The reduction in tax-free assets in Box 3 will also not go ahead.
The cover for this measure is the accelerated phase-out of the so-called Hillen deduction. That is the part of the additional allowance for the owner-occupied home (after the owner-occupied home interest has been deducted from it) that is not counted as income. This deduction would have been phased out completely by 2048. That will now be the case as early as 2041.
Electric cars
The planned immediate abolition of the lower additional taxable benefit for electric cars will be spread over 2 years.
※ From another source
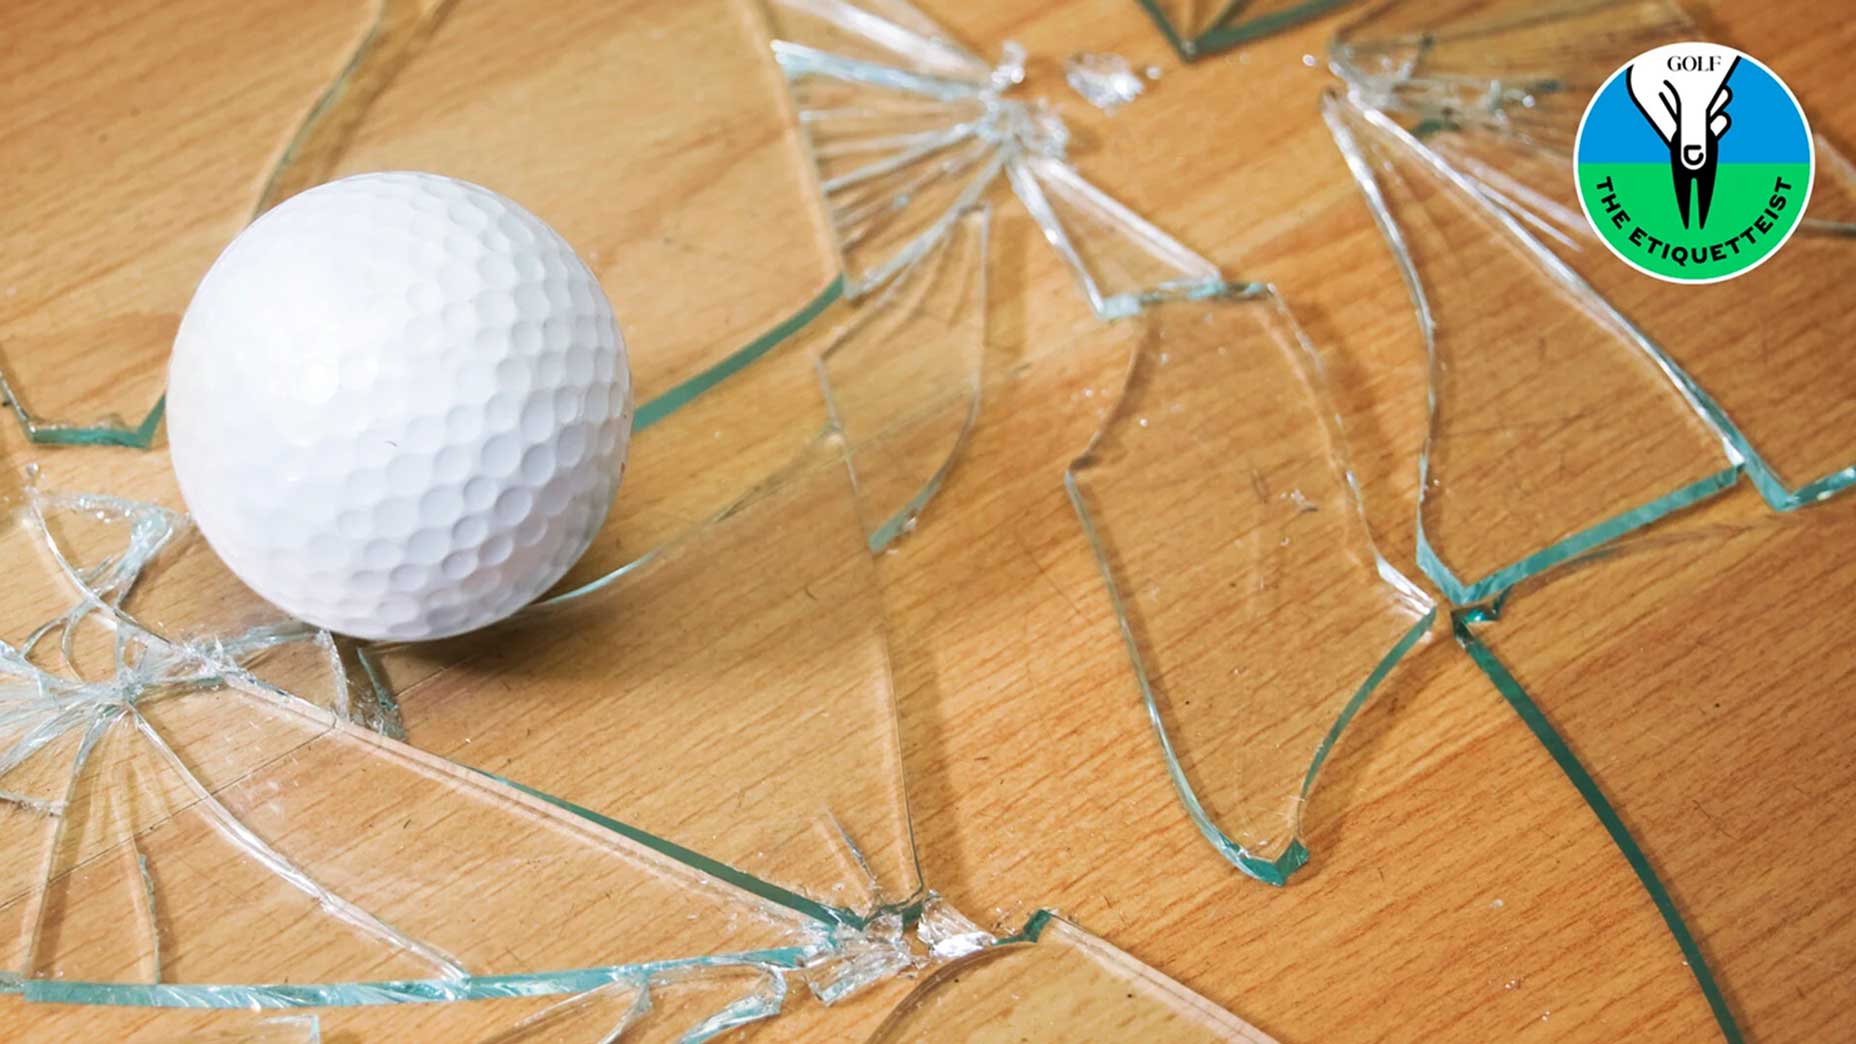 a golf ball hits a window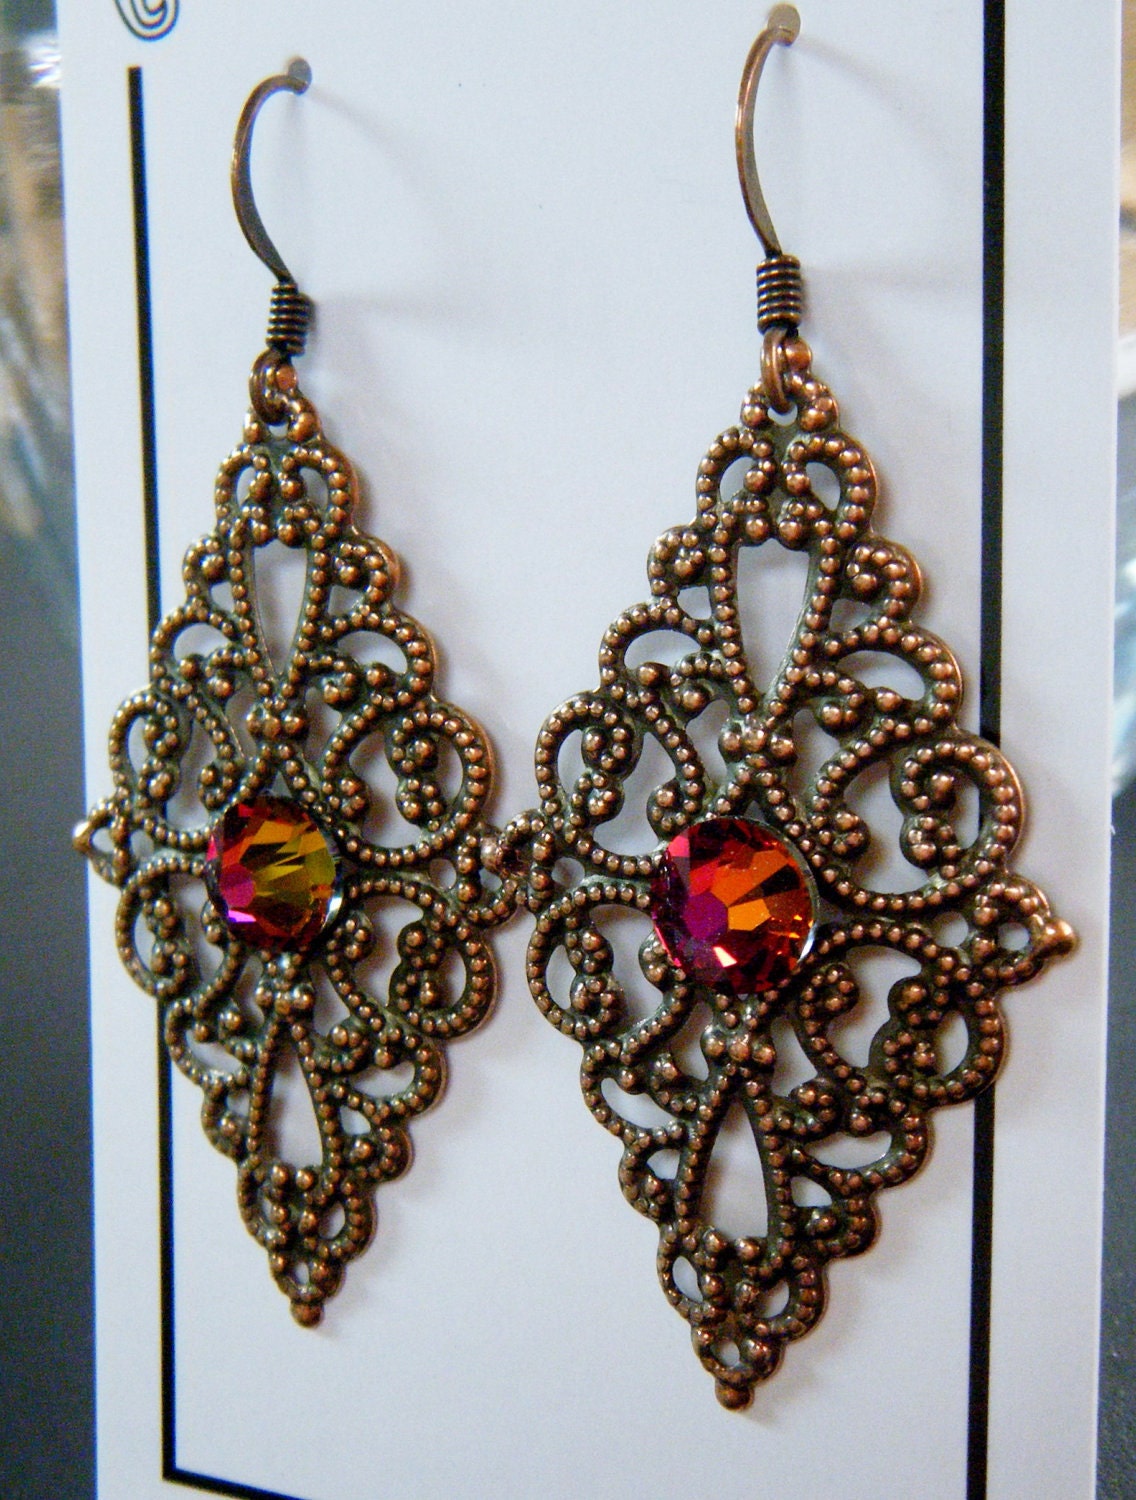 Swarovski Crystal Filigree Earrings in Antiqued Copper E4 200 12 Diam - SimplyClassicJewelry

In 2025, the addition for an all-electric car will be 17% on the list value up to €30,000. 22% will be added over the list value above €30,000. With effect from 1 January 2026, the 22% addition would also be calculated over the entire list value for electric cars.
This will now take effect only on 1 January 2028. For an electric car purchased in 2026, the addition on the first €30,000 of the list value is 18%. In 2027, this will be increased to 20%. The addition rules applicable when the car was first registered will remain in force for 60 months.
This measure is covered by raising the age of a youngtimer. In 2025, a car 15 years or older qualifies as a youngtimer. This will be increased to 16 years in 2026 and to 25 years from 2027. These changes are not subject to the 60-month time limit.